He bowed with great dignity, and went out of the room, leaving the Duke to wonder what might be going to happen next. He walked over to the window restlessly, and stood fidgeting with the blind-cord. As he stood there, he had the satisfaction, at least, of seeing the landlord and the man in the plush waistcoat walking across the dirty yard with pails in their hands. From the medley of squeals in the distance he inferred that they were on their way to feed the pigs. He had not soberly supposed that either of them would be called in to overpower him, for he could not perceive any good end to be achieved through such methods, but he felt more at his ease with them out of earshot. Mr. Liversedge might be an entertaining scoundrel, but a scoundrel he certainly was, and would probably stop at very little to extort money from his victims. It was evident that he considered the supposed Mr. Ware a negligible opponent. The Duke had seen the indulgent contempt in his smile, and had done nothing to dispel it. He was by this time quite determined not to allow himself to be bled of as much as a farthing. By fair means or foul—and he would feel very little compunction at using foul means against a gentleman of Liversedge’s kidney—he must wrest Matthew’s letters, which Liversedge had in all probability gone away to collect, away from him. And since it seemed unlikely that this could be achieved without Mr. Manton’s pistol coming into play, he was happy to see the landlord and his henchman going off to feed the pigs.

Mr. Liversedge was absent for some ten minutes, but presently the Duke heard his ponderous tread, and turned round to face the door.

It opened; Mr. Liversedge’s voice said unctuously: “Come in, my love! Come and tell Mr. Ware how deeply he has wounded your tender heart!”

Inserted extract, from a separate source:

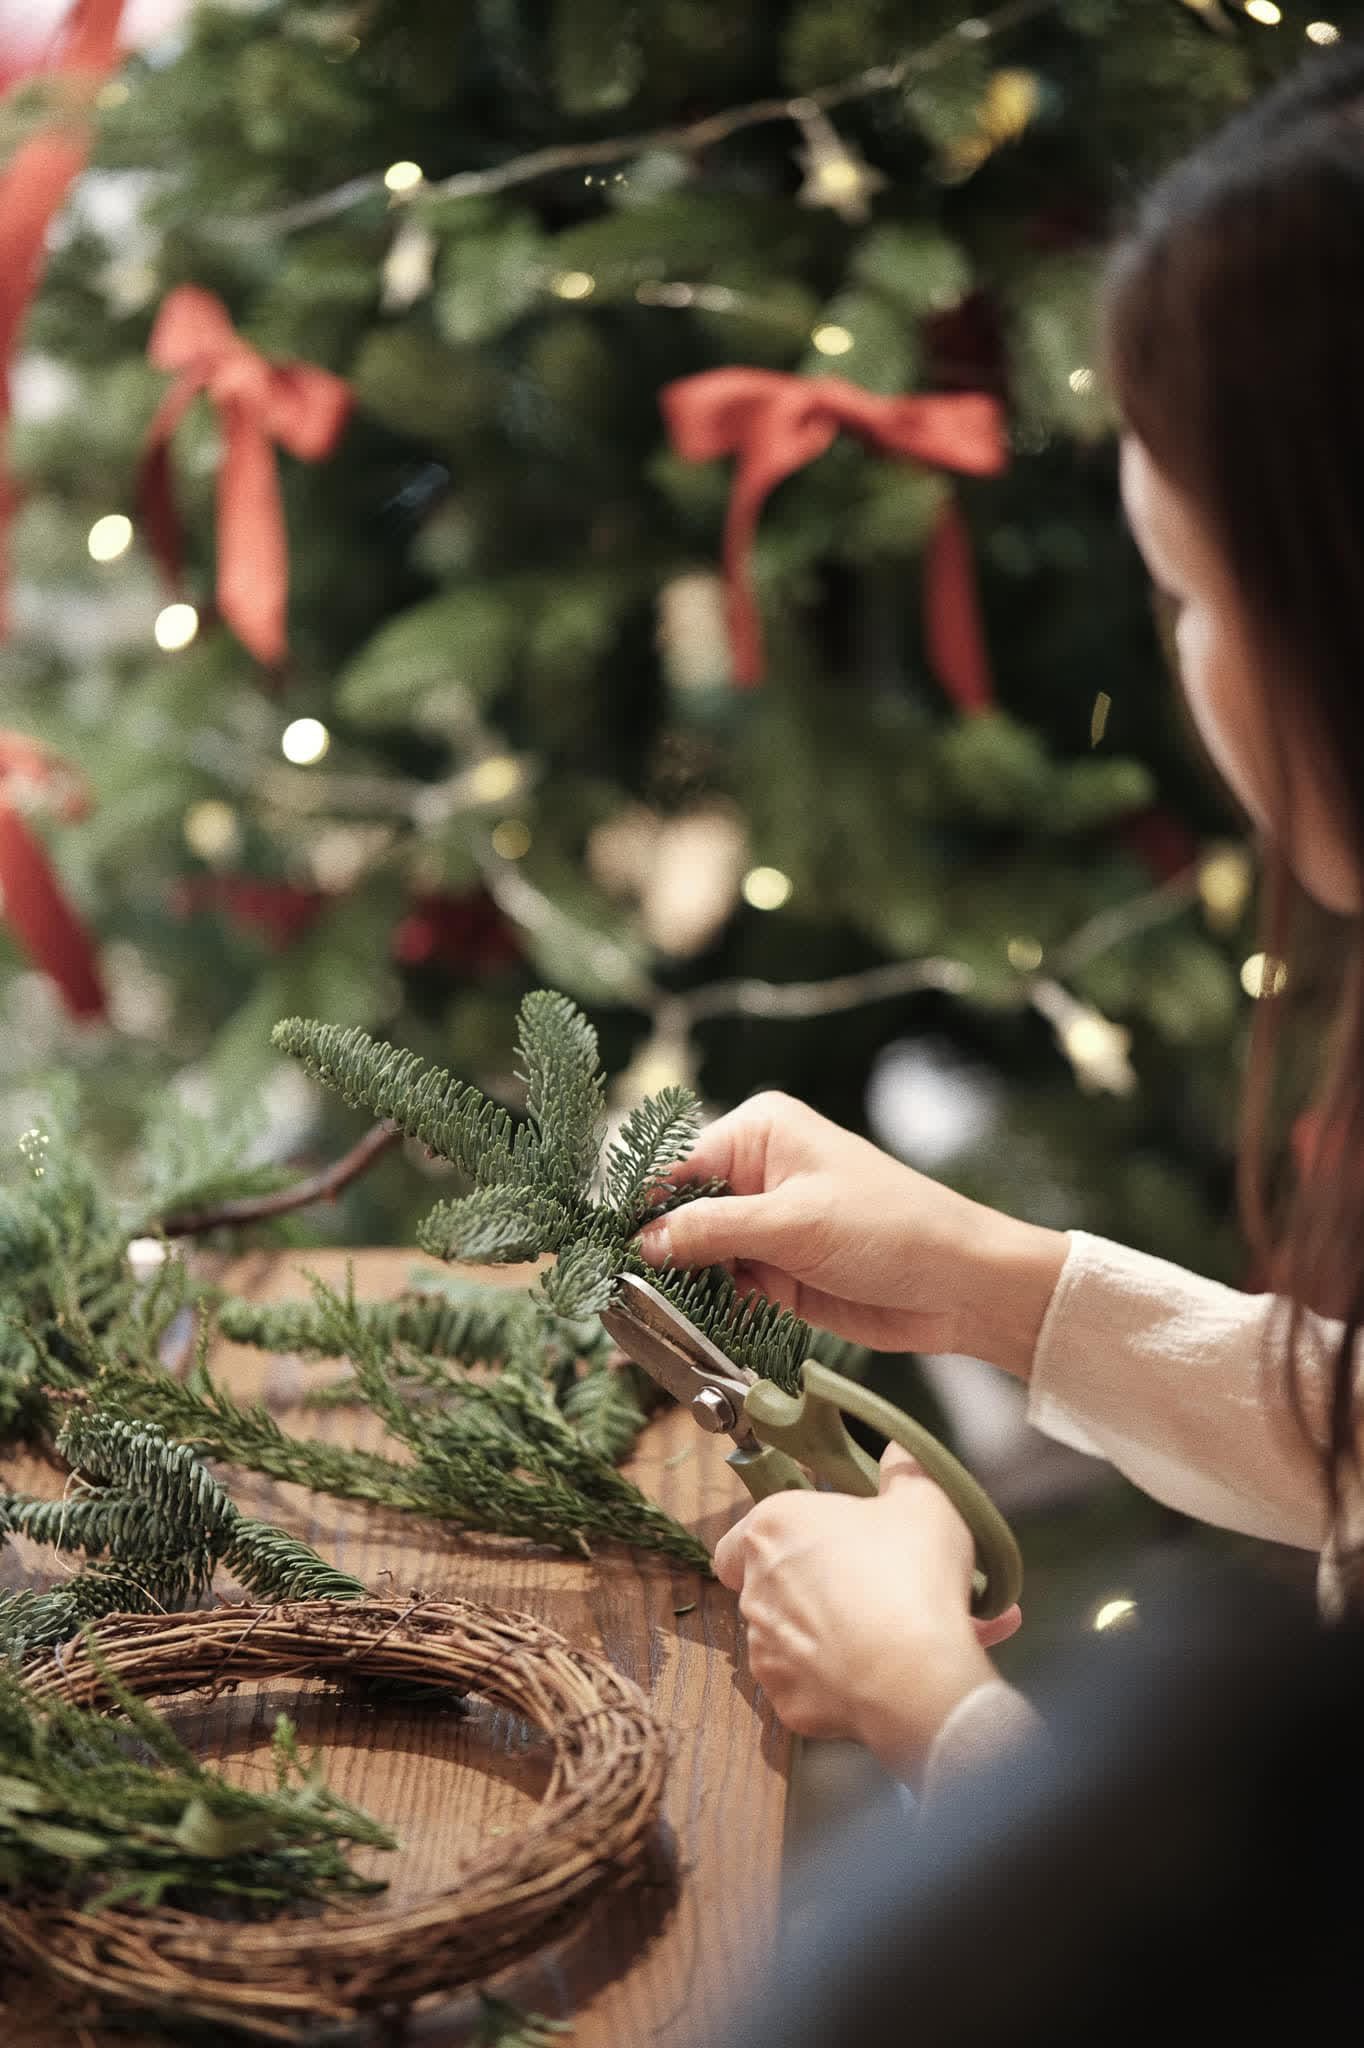 Mê cách mẹ 9x mang không khí Giáng sinh vào nhà: Đơn giản nhưng sang, cây thông trang trí dễ mà vẫn nổi bật

The Duke jumped, for this was a possibility he had not envisaged. The thought darted across his mind that if his true identity should be guessed it might occur to Mr. Liversedge’s fertile brain that the Duke of Sale, held to ransom, would prove a more profitable investment than his niece’s broken heart. His hand slid once more into the pocket of his coat, to grasp the butt of his pistol, and he braced himself to face the inevitable disclosure.

Into the room stepped a vision of loveliness. The Duke caught his breath, and stood staring. His cousin Matthew had certainly spoken of Belinda’s beauty, but he had not prepared him for anything as superb as the creature who now stood on the threshold, regarding him out of eyes so large, so innocent, and of so deep translucent a blue as to make his senses swim for a dizzy moment. He closed his own eyes involuntarily, and opened them again to make sure that they had not deceived him. They had not. He beheld a veritable beauty. A face of rose-leaf complexion was framed in a cascade of guinea-gold curls, artlessly bound with a ribbon of scarcely a deeper blue than those glorious eyes; the brows were delicately arched; the little nose classically straight; the wistful mouth, with its short upper-lip, as kissable as it was perfect in proportion.

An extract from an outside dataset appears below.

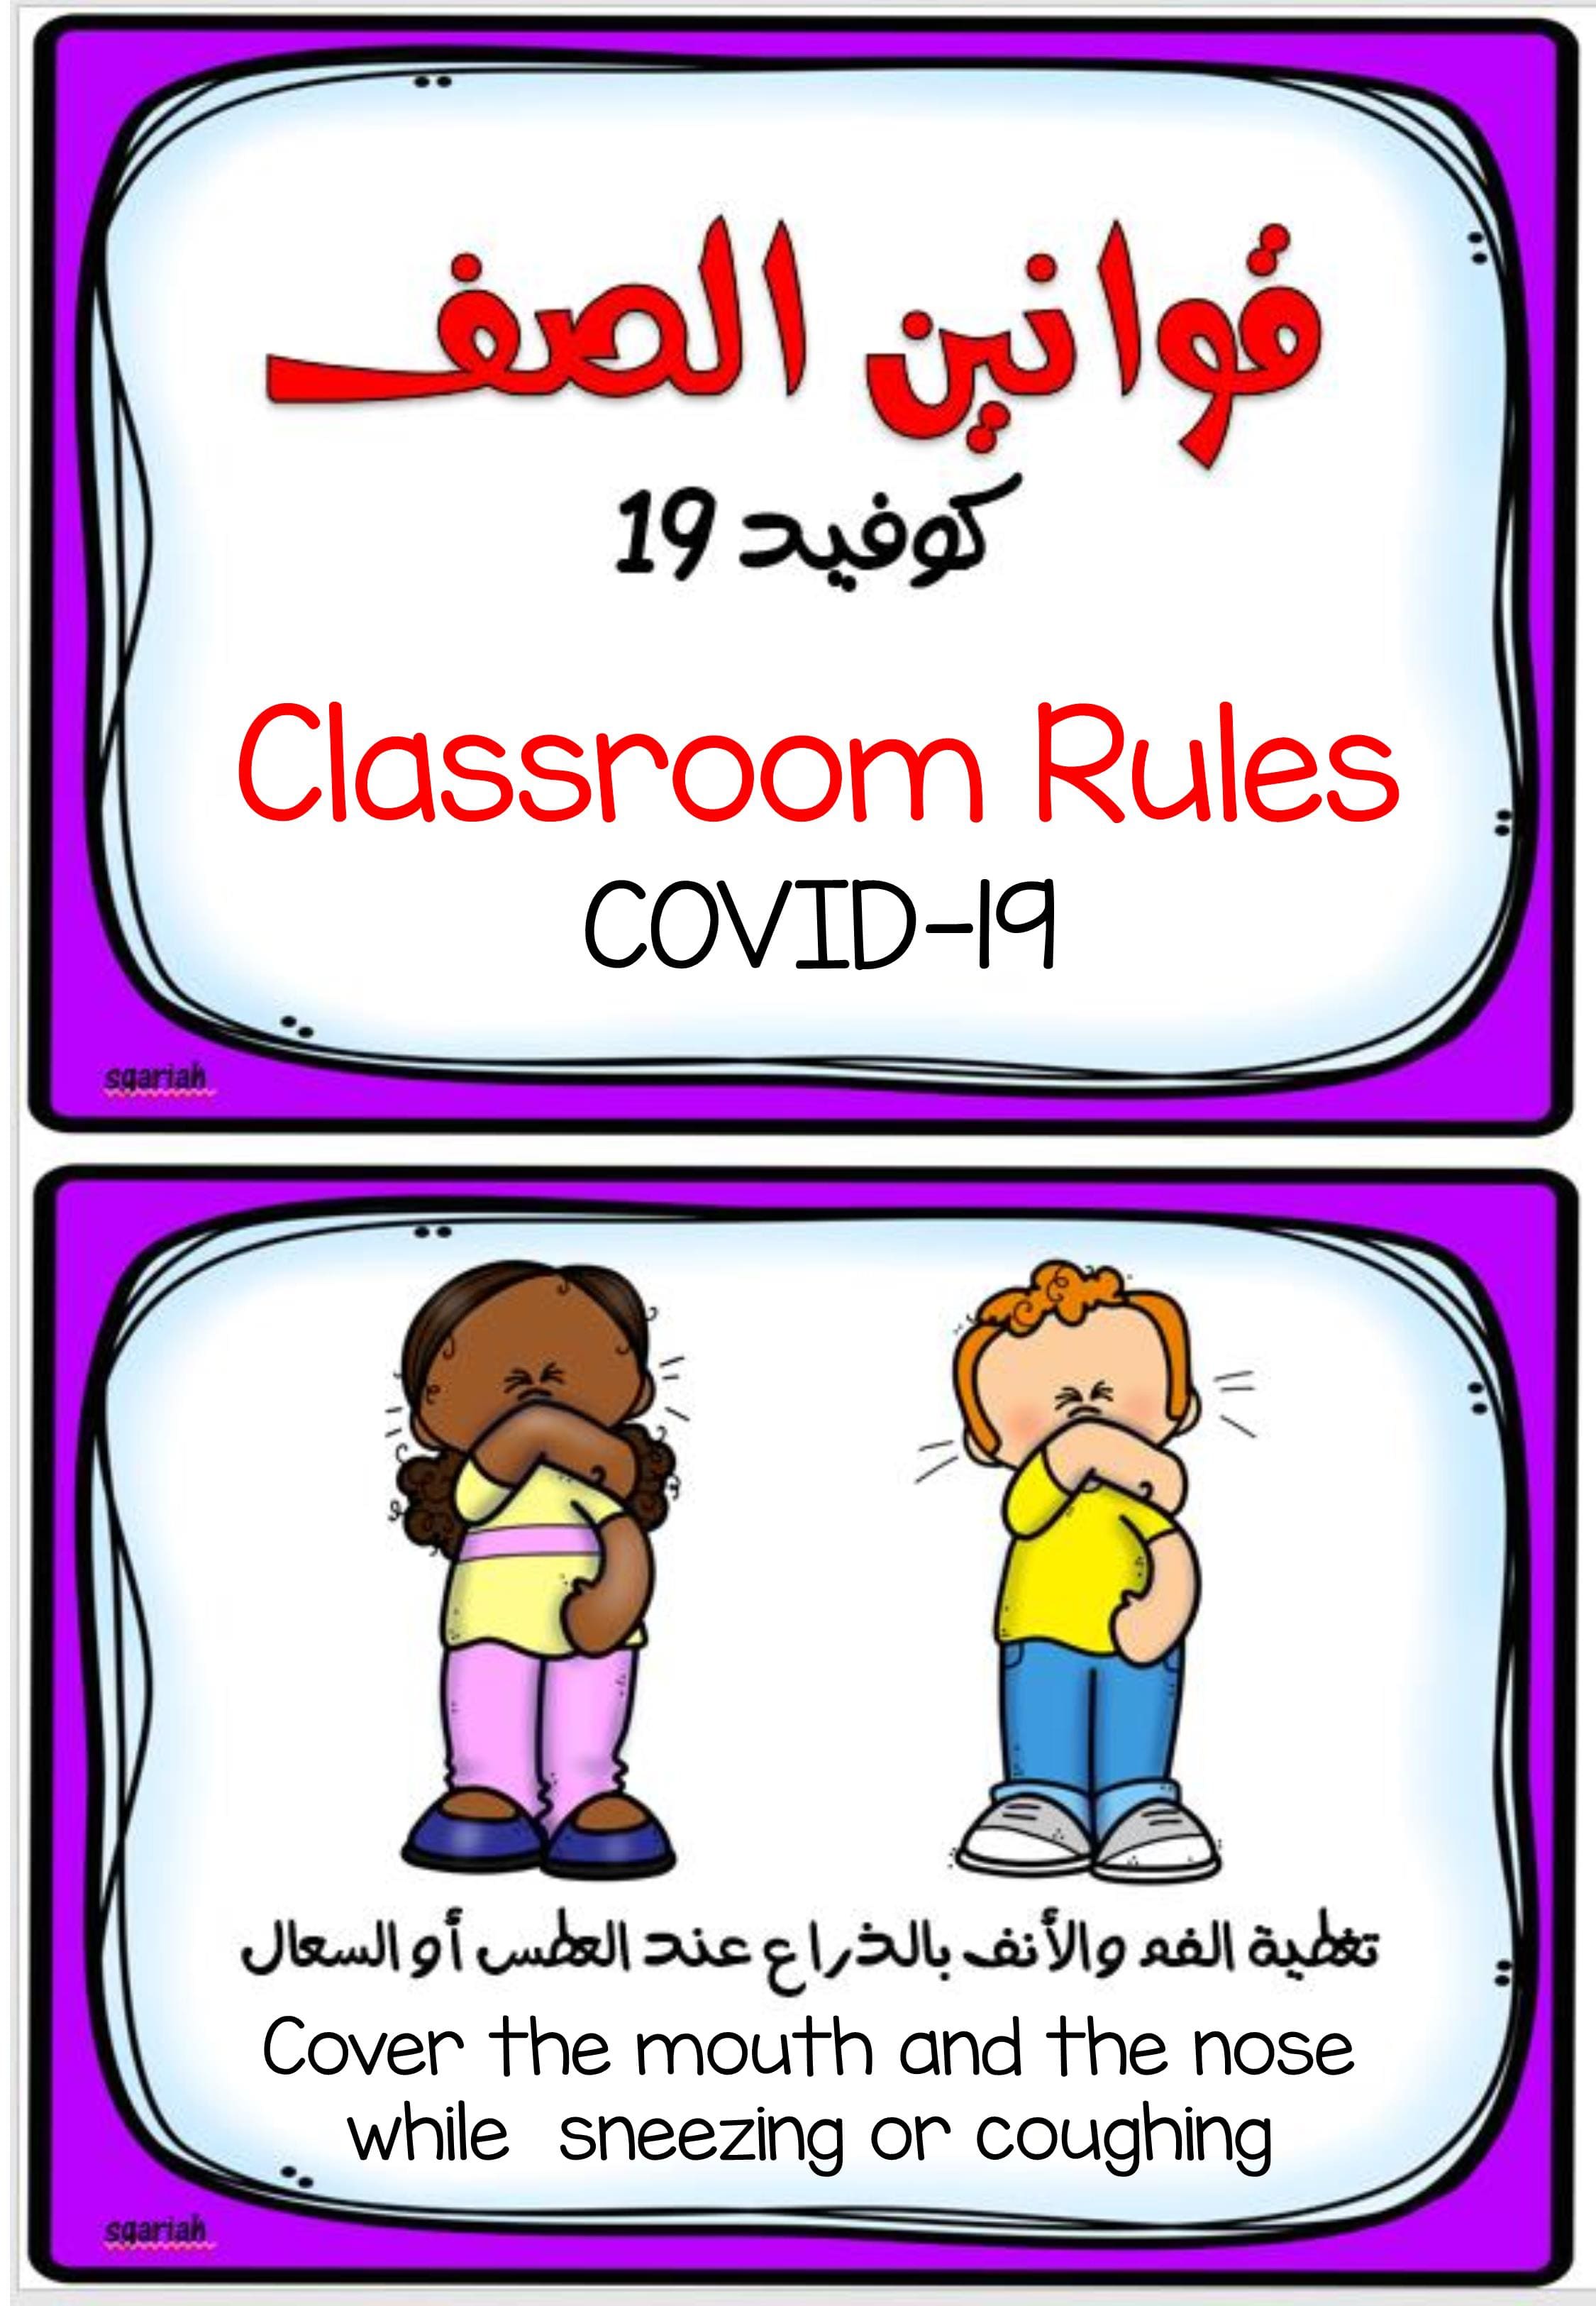 بطاقات تعليمية لقوانين الصف كوفيد 19 لرياض الاطفال

The Duke swallowed once, and waited. That melting gaze widened a little as it rested on him, but the lady said nothing.

“Did not Mr. Ware promise you marriage, my love?” said Mr. Liversedge, closing the door, and bending solicitously over the vision.

“Yes,” said the vision, in a soft, west-country voice. “Oh, yes!”

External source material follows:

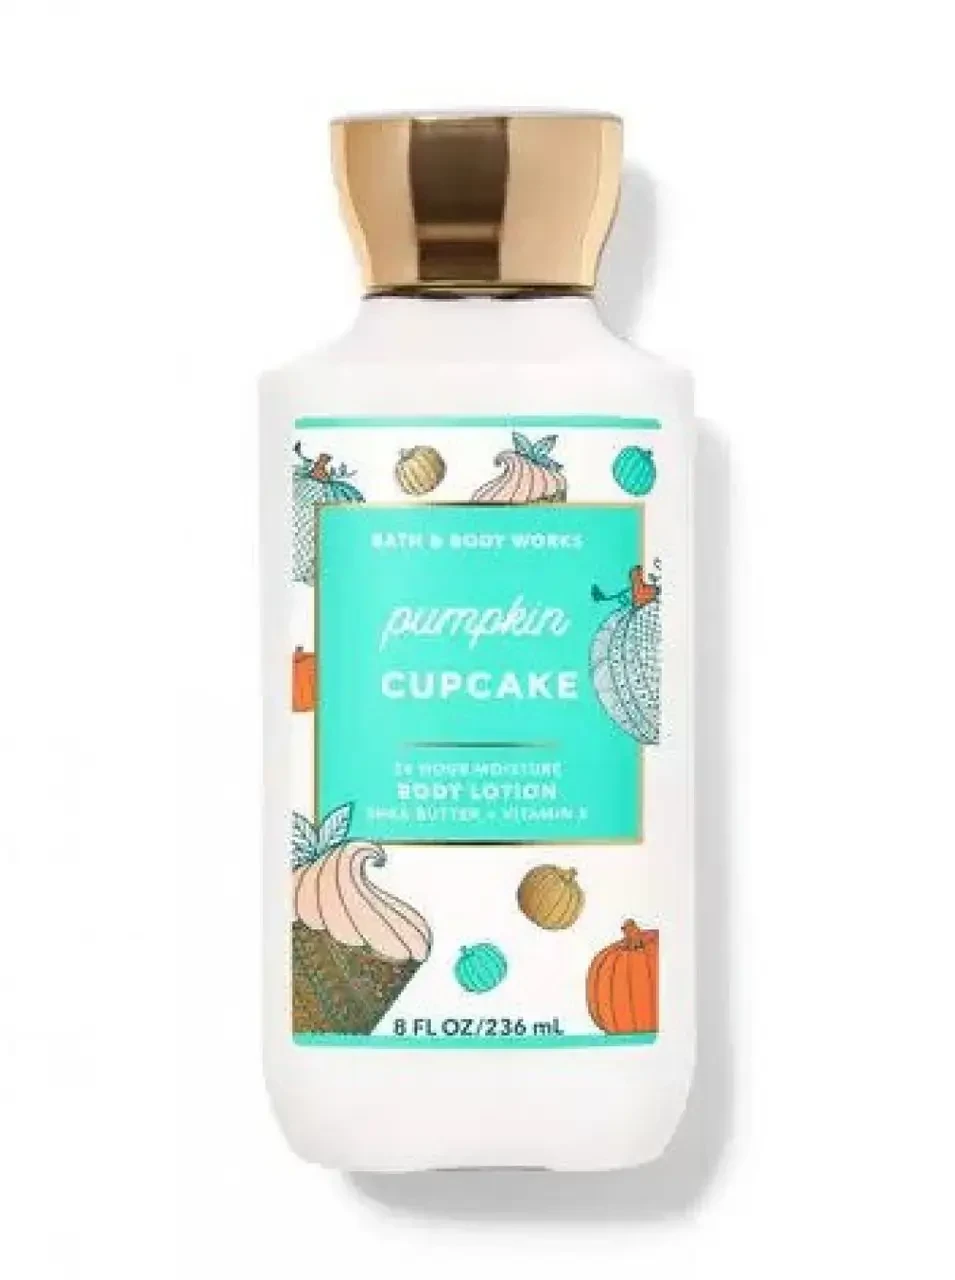 Pumpkin Cupcake парфумований лосьйон для тіла від Bath and Body Works оригінал

If the Duke had been dizzy before, his senses now reeled. He could think of nothing to say. He wondered, for an unreasoning instant, if those tender blue eyes could be sightless, since he resembled his cousin hardly at all. But when he stared into them he saw a sort of speculation in their gaze, and knew that they were not.

“And did he not write you letters, my love, which you very properly gave to me, promising that he would make you his wife?” prompted Mr. Liversedge.